What folks seem to avoid is that a Junior (in ANY subject) has the ability to LEARN so much faster with an AI research assistant, and that becoming an expert has accelerated for those with the personal stamina to dig deep (this as a requirement hasn't changed). I spend just as much time with my AI tooling asking questions as I do asking it to "build" or "fix" things. "How does this work?". "Can you suggest other tools?".

I think some people always think about AI as an input / output relationship, when a lot of the time, the fiddling in between, with or without AI was always the important part. Yes people will suck in the beginning, against they always did. I think the good folks though will suck for a MUCH shorter time than I did getting into things.

A lot of people will drop out and get discouraged. That happened before too. Learning things requires persistence. I think the only real case to be made is that AI's sense of immediate pleasure can neuter people away from running into friction. AI natives likely won't understand friction and question it.

xxs 18 minutes ago | parent | next [-]

> has the ability to LEARN so much faster with an AI research assistant, and that becoming an expert has accelerated for those with the personal stamina to dig deep (this as a requirement hasn't changed)

If anything it allows to be as lazy as possible. I have not seen anyone digging deeper with the AI tools.

JumpCrisscross an hour ago | parent | prev | next [-]

> a Junior (in ANY subject) has the ability to LEARN so much faster with an AI research assistant

I’m not seeing this. And based on what we’re seeing at the university level, I’m not expecting to.

sonofhans an hour ago | parent [-]

Yes, I agree, the skills are orthogonal. Digital typesetting is vastly quicker than manually putting down metal type, and since you’re exposed to more type you have the opportunity to learn faster. But getting good at typography with digital tools will help you very little if you need to lay out type manually.

JumpCrisscross an hour ago | parent [-]

> getting good at typography with digital tools will help you very little if you need to lay out type manually

The analogy is unlimited typing in Gmail won’t make you a better writer or typesetter on its own.

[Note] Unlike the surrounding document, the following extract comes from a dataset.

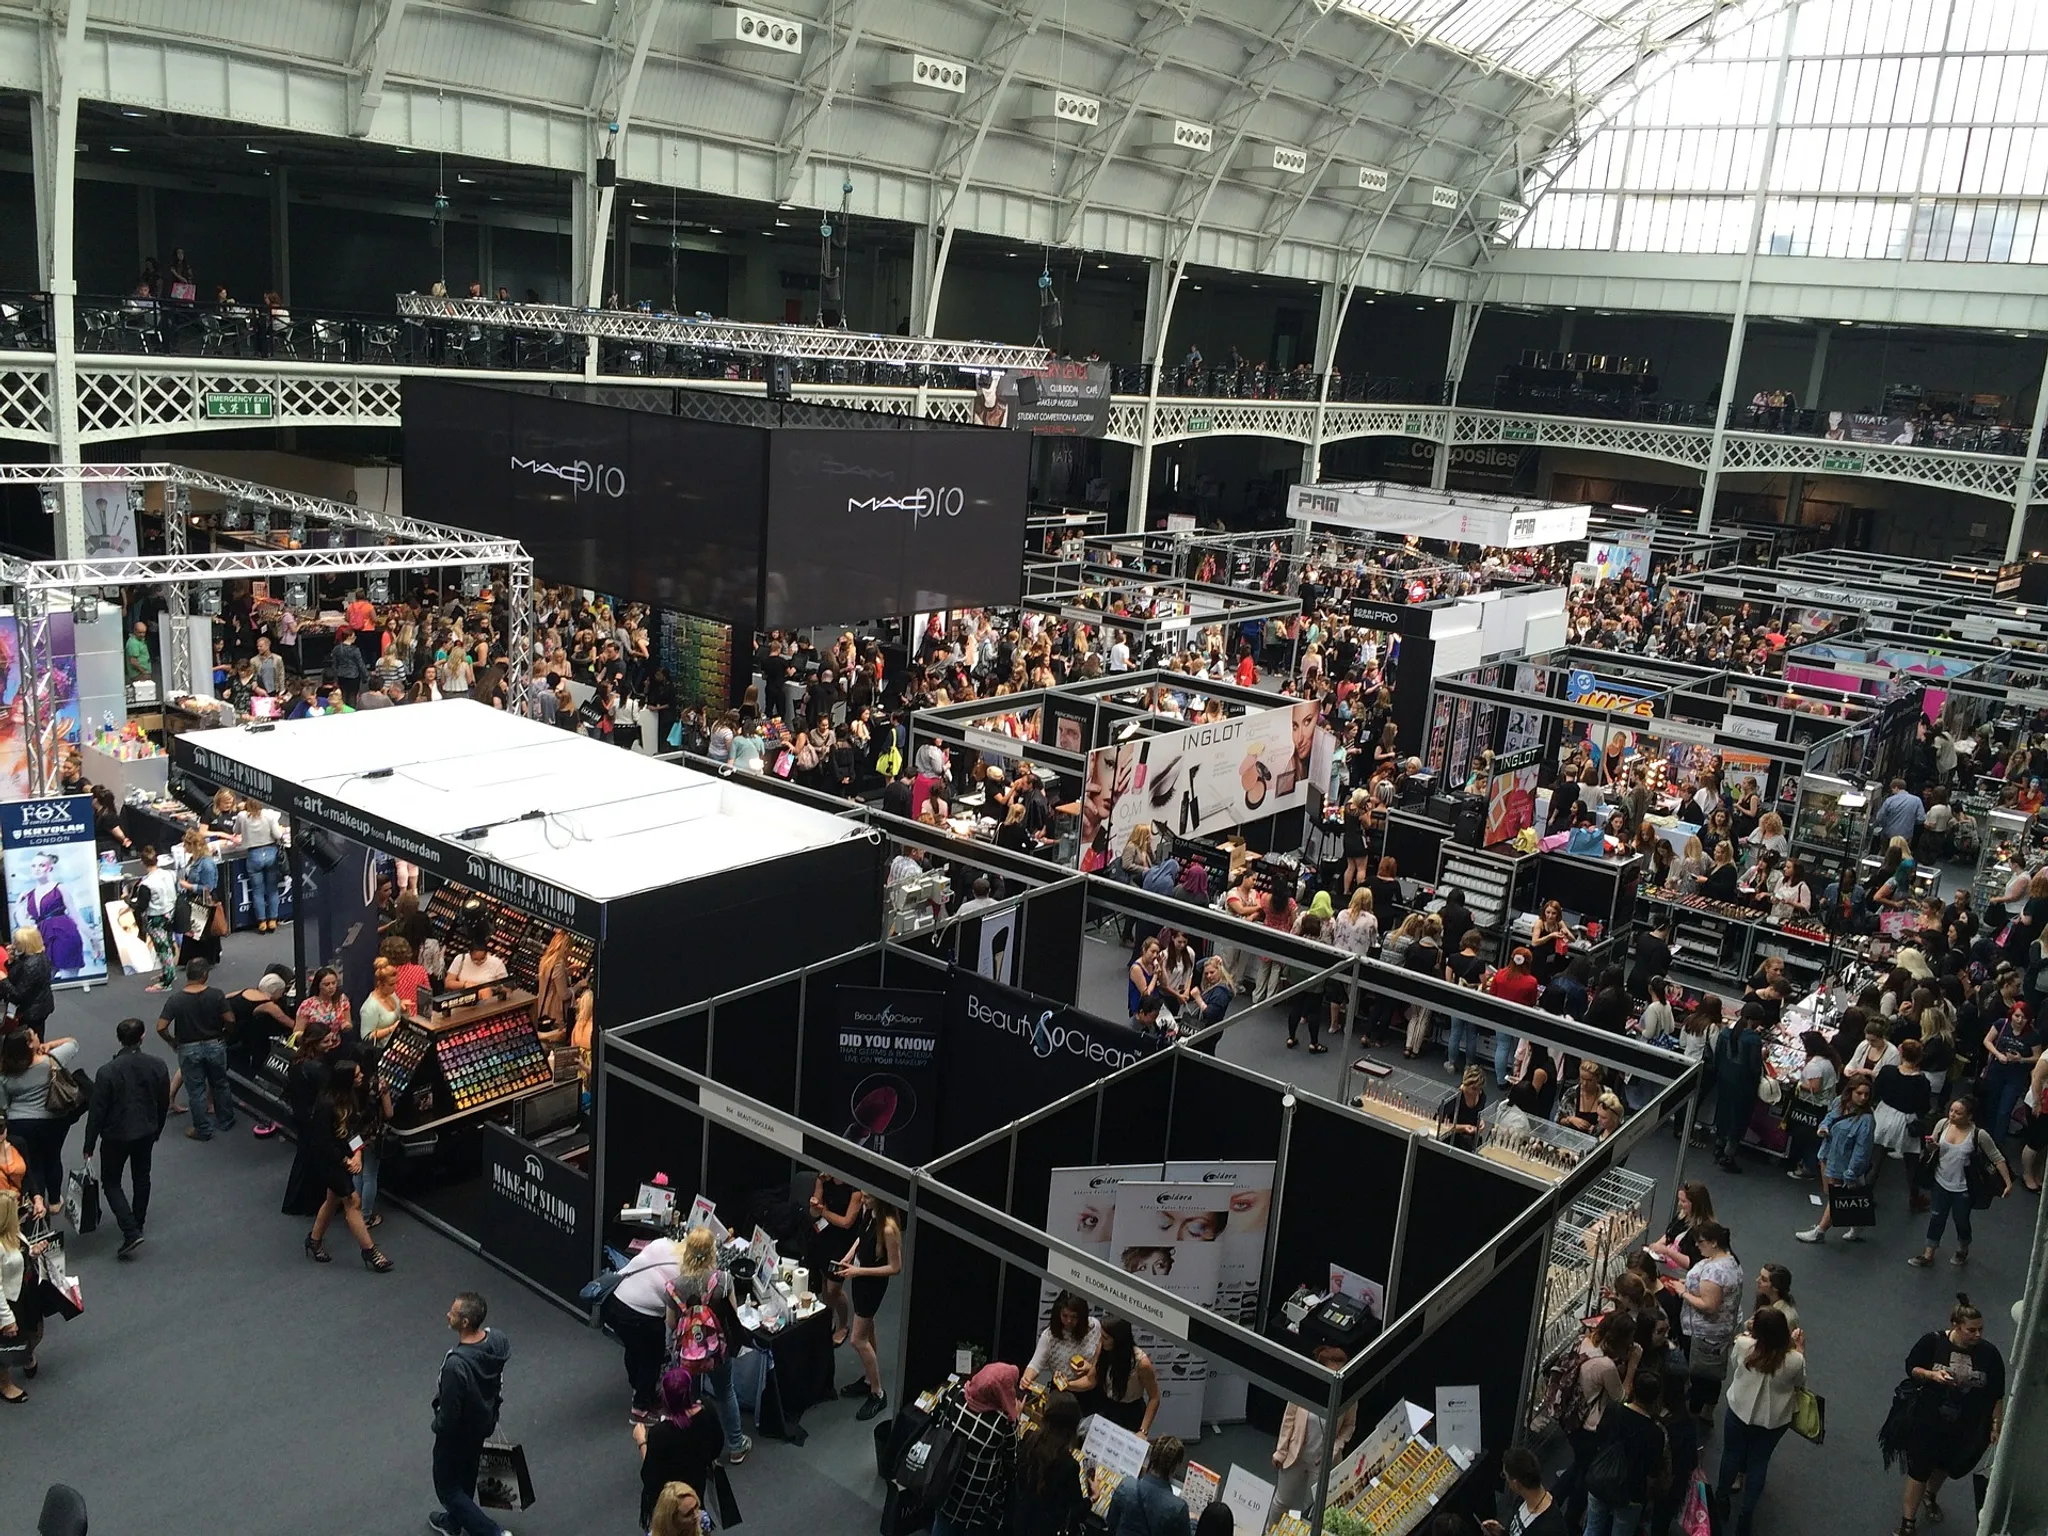 4 selling tips to win business at trade shows

renticulous 25 minutes ago | parent | prev | next [-]

There are other axes as well.

Companies with AI will move faster than those without.

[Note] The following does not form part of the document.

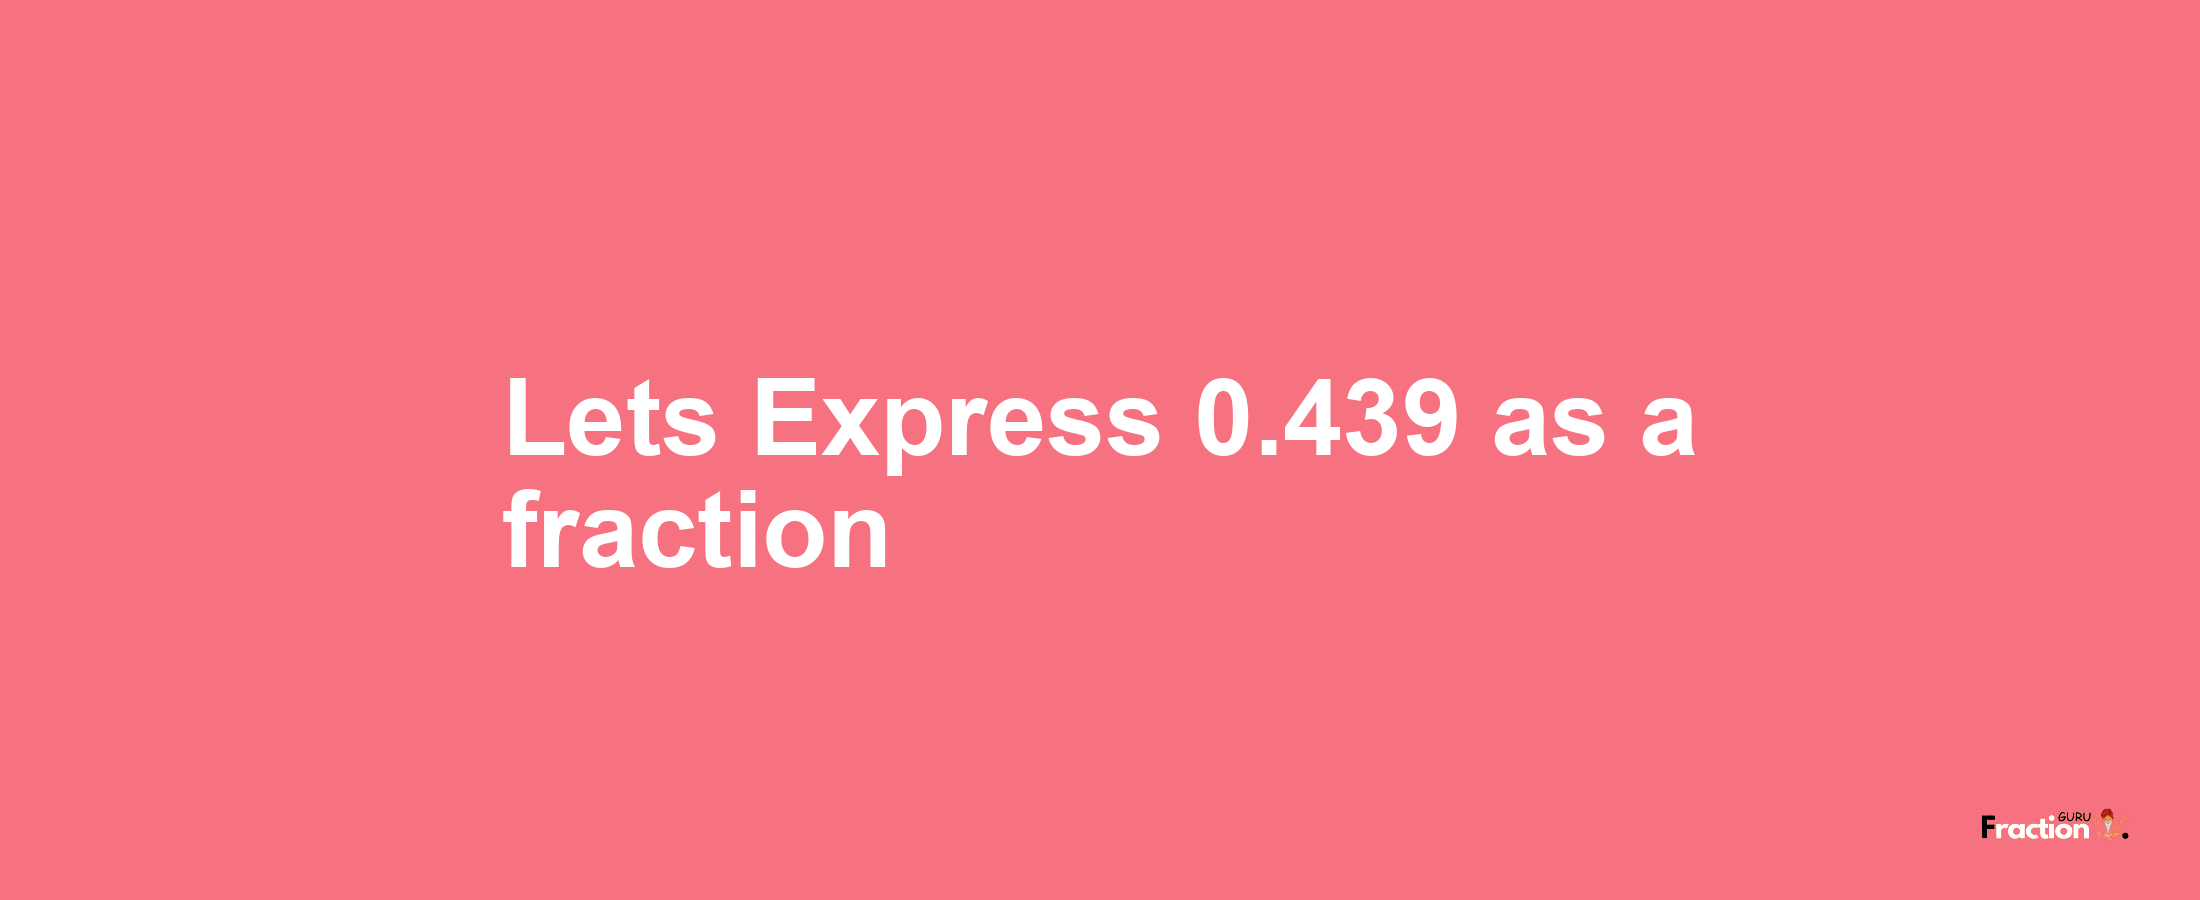 Lets Express 0.439 as afraction

AI itself could subsume what we collectively consider as Engineering Taste.

AI is faster at what it does. So even if a junior costs less on his own than AI. Paying extra for AI means gaining first mover advantage.

justinhj 10 minutes ago | parent | prev | next [-]

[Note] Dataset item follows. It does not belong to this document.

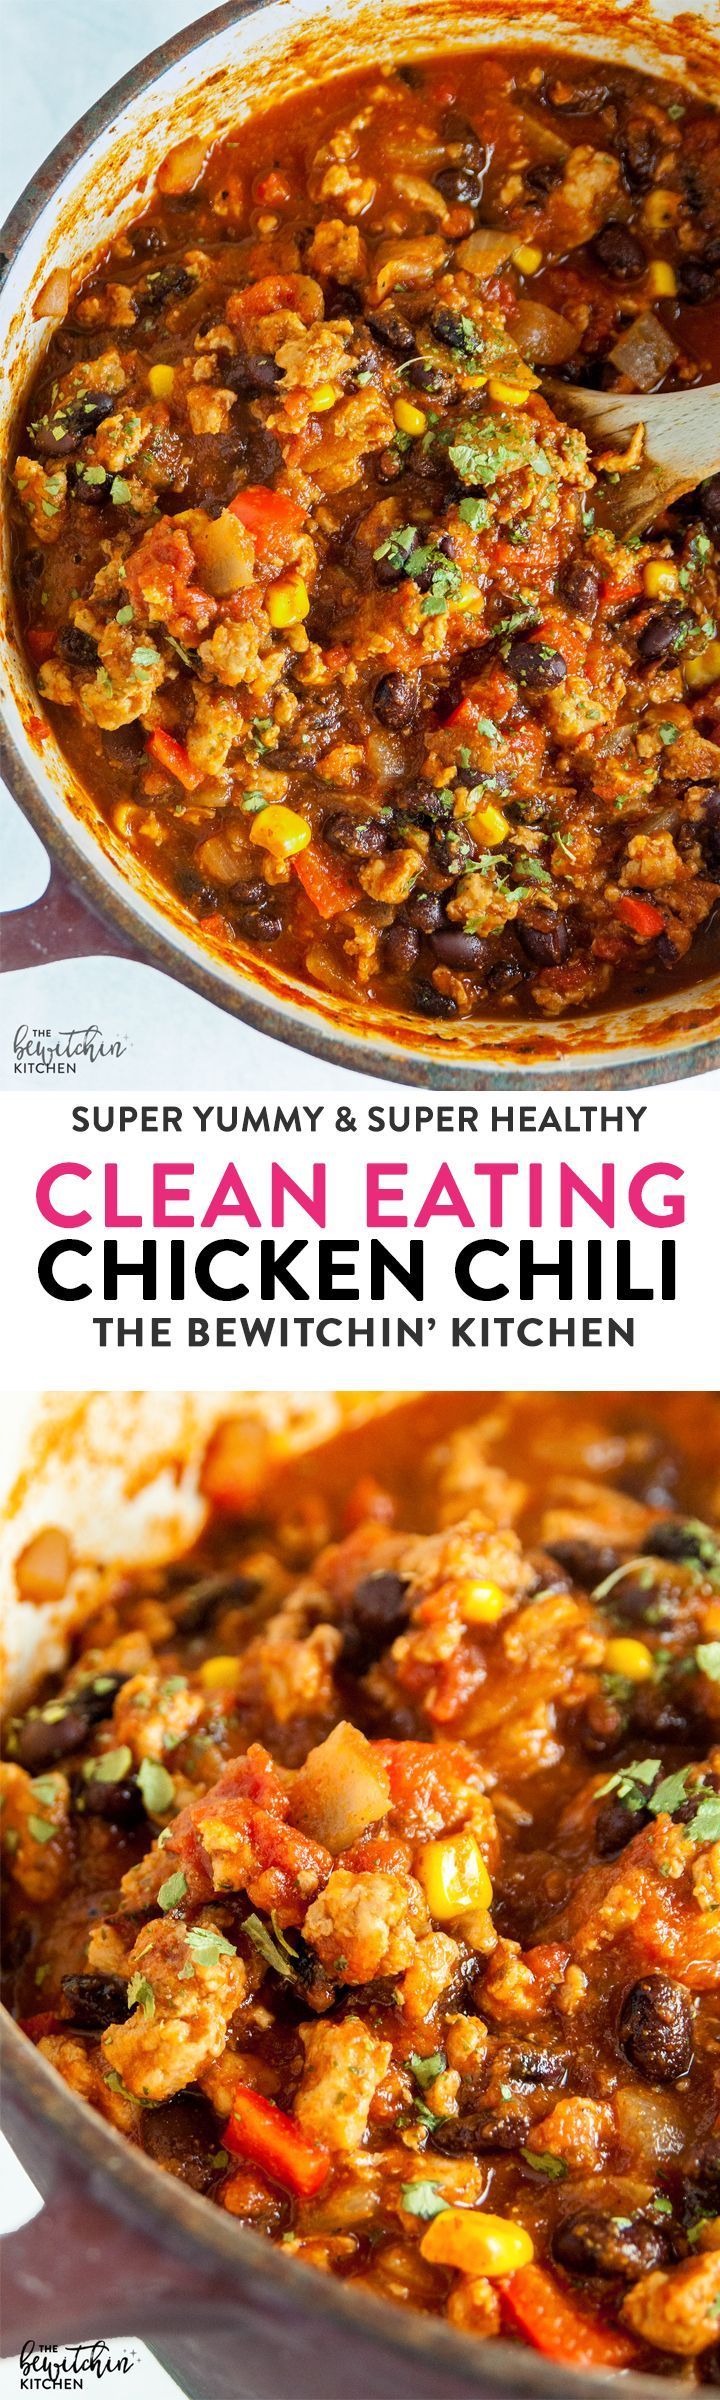 Clean Eating Chicken Chili – this hearty and healthy chili recipe is lightened up with ground chicken and is 21 day fix approved.

Smart, motivated juniors have incredible tools to amplify their learning and capabilities.

runarberg an hour ago | parent | prev [-]

> a Junior (in ANY subject) has the ability to LEARN so much faster with an AI research assistant

This is a testable hypotheses with severe lack of citations. Intuition would argue the opposite. We learn by using our brains, if we offload the thinking to a machine and copy their output we don‘t learn. A child does not learn multiplication by using a calculator, and a language learner will not learn a new language by machine translating every sentence. In both cases all they’ve learnt is using a tool to do what they skipped learning.

jononor 11 minutes ago | parent [-]

As a precondition I think we have to assume that the person in question 1) wants to learn and 2) is smart enough to absorb new info and apply it and 3) reflects enough to adjust their approach when hitting bottlenecks or making mistakes 4) has a drive to create. Without these, self driven learning is not viable - and that has very little to do with AI.

For such a person, I believe AI can be very empowering for learning. Like Google, wikipedia and stack overflow, Arxiv before it - AI tools give access to a lot of information. It allows to quickly dig deep into any topic you can imagine. And yes, the quality is variable - so one needs to find ways to filter and synthesize from imperfect info. But that was also the case before. Furthermore AI tools can be used to find holes in arguments or a paper. And by coding one can use it to test out things in practice. These are also powerful (albeit imperfect) learning tools. But they will not apply themselves.